→ **SUPPLIED INFORMATION**:
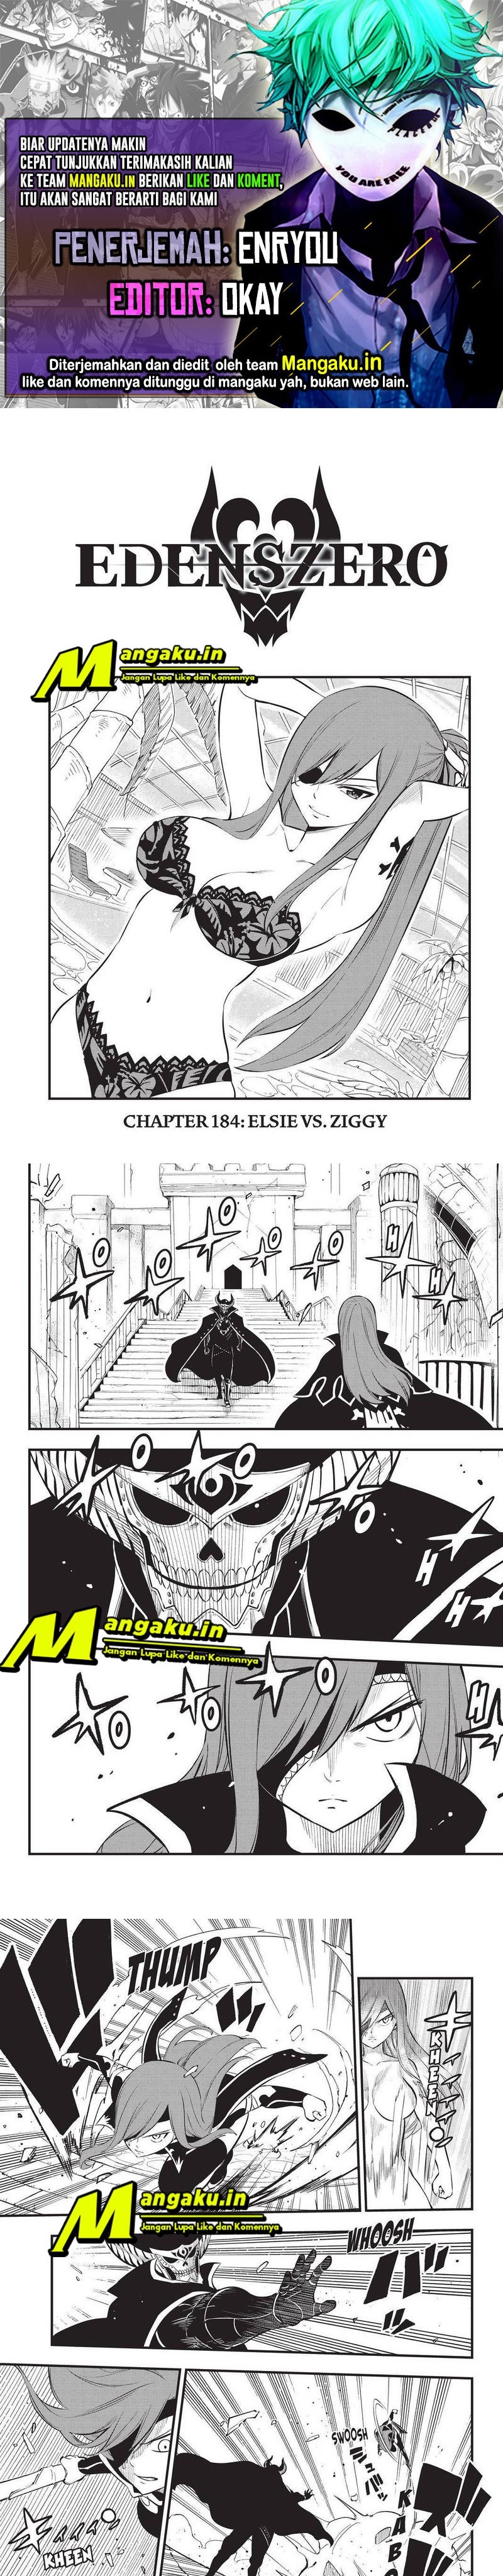 Eden's Zero Chapter 184 1
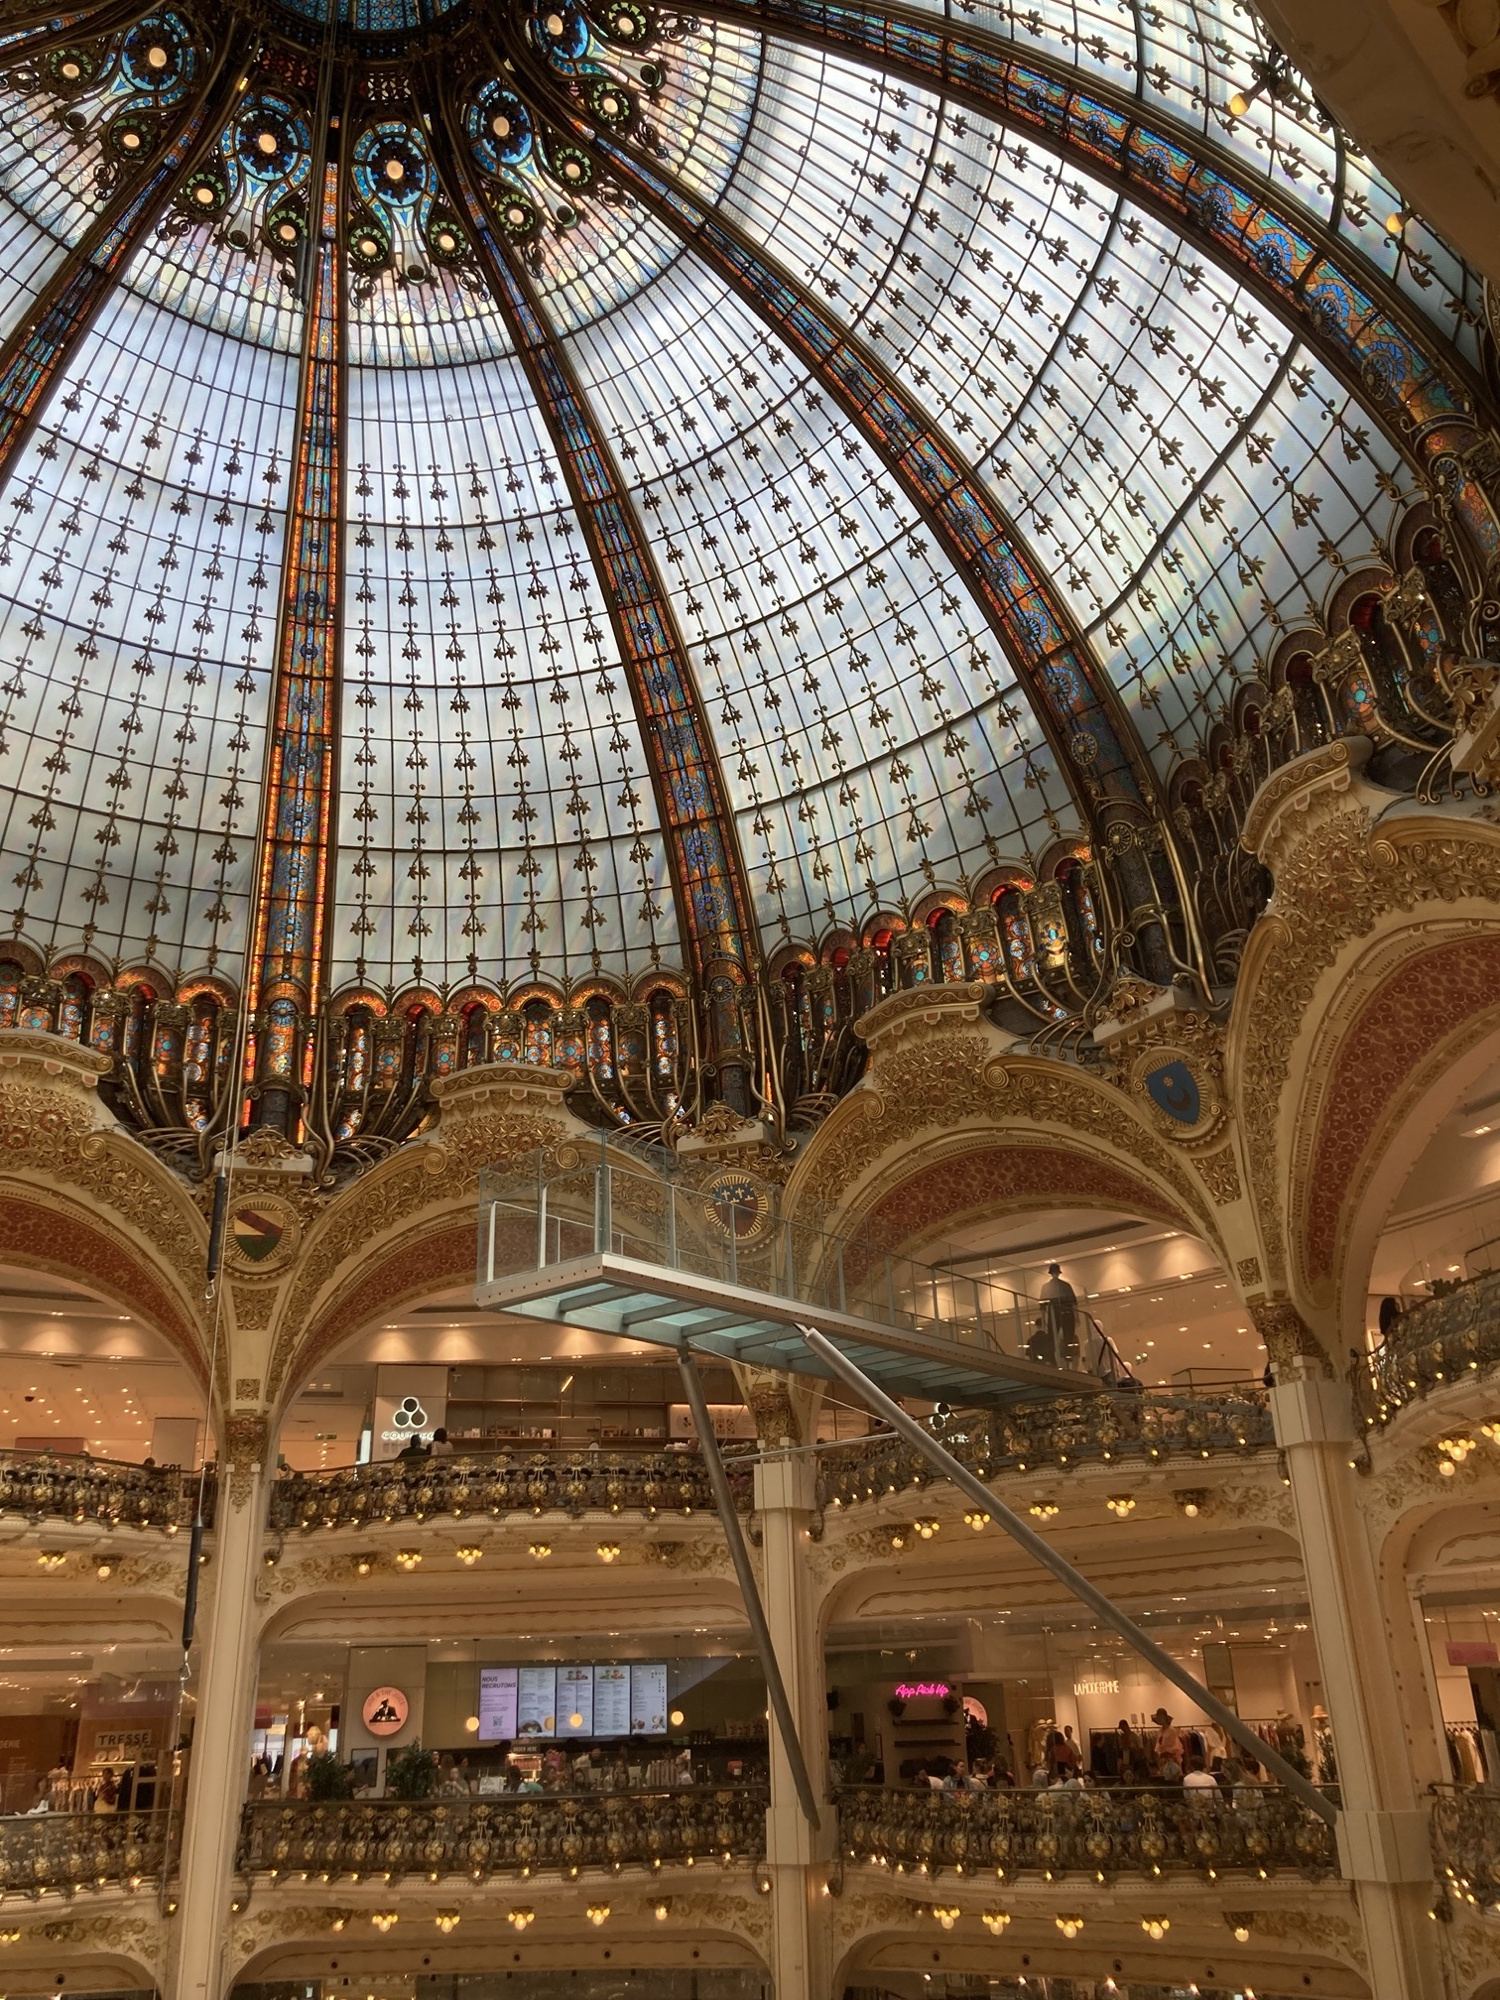 monumentales Glaskuppeldach im Inneren der Galeries Lafayette, zu sehen ist die opulente Glaskuppel und zwei Stockwerke darunter, vom obersten Stockwerk ragt ein Glasgang in den Kuppelbereich hinein
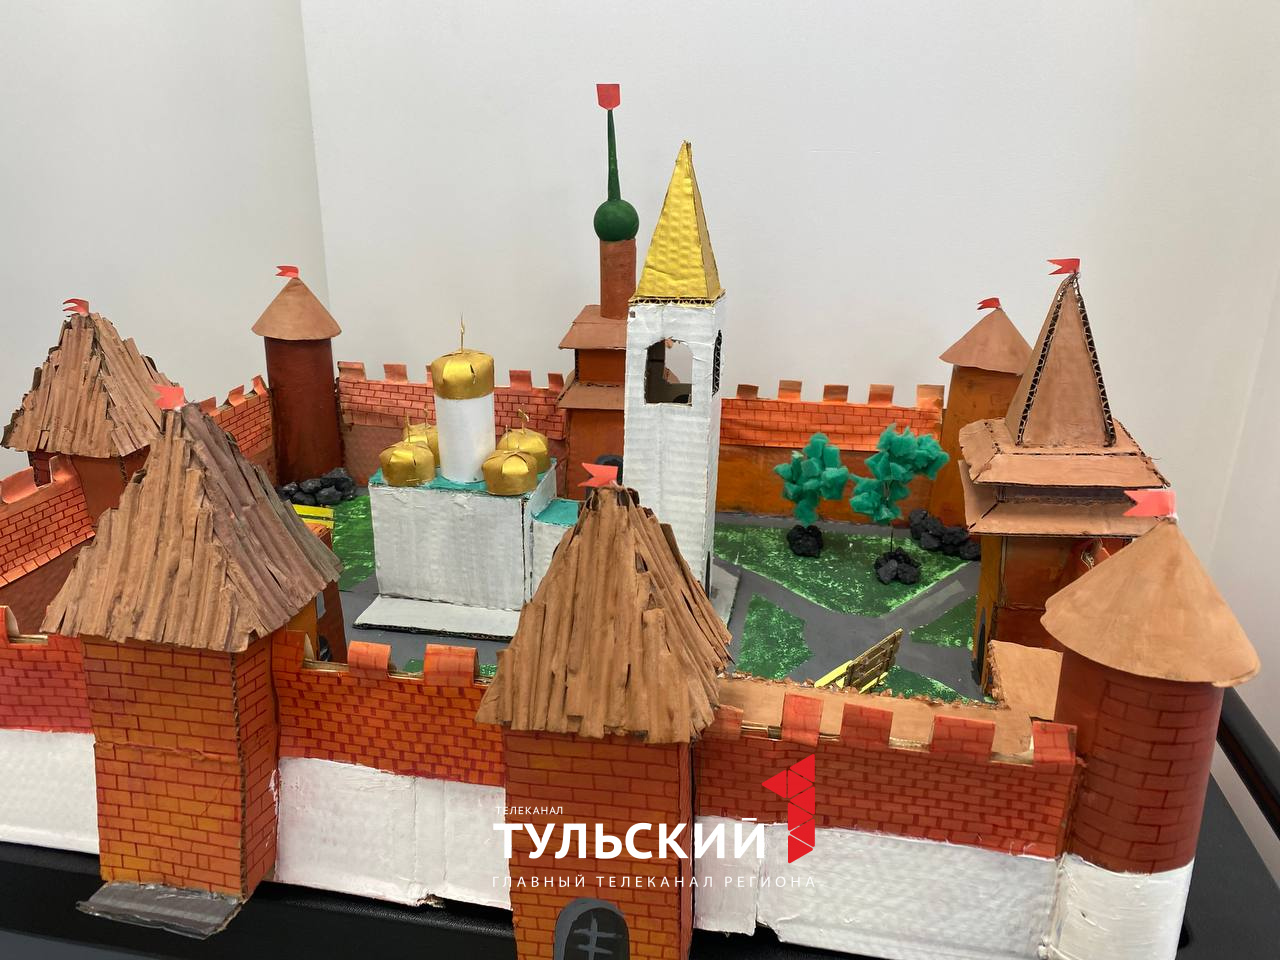 Тульские школьники создали новый голосовой помощник и макет Кремля из фтор-сырья

→ **WHAT YOU HAVE TO DO**:
Output exactly the lines from the one that has "monumentales Glaskuppeldach im" through the end of the data. Do not include pictures.

→ **RESPONSE TO THIS TASK**:
 monumentales Glaskuppeldach im Inneren der Galeries Lafayette, zu sehen ist die opulente Glaskuppel und zwei Stockwerke darunter, vom obersten Stockwerk ragt ein Glasgang in den Kuppelbereich hinein
 Тульские школьники создали новый голосовой помощник и макет Кремля из фтор-сырья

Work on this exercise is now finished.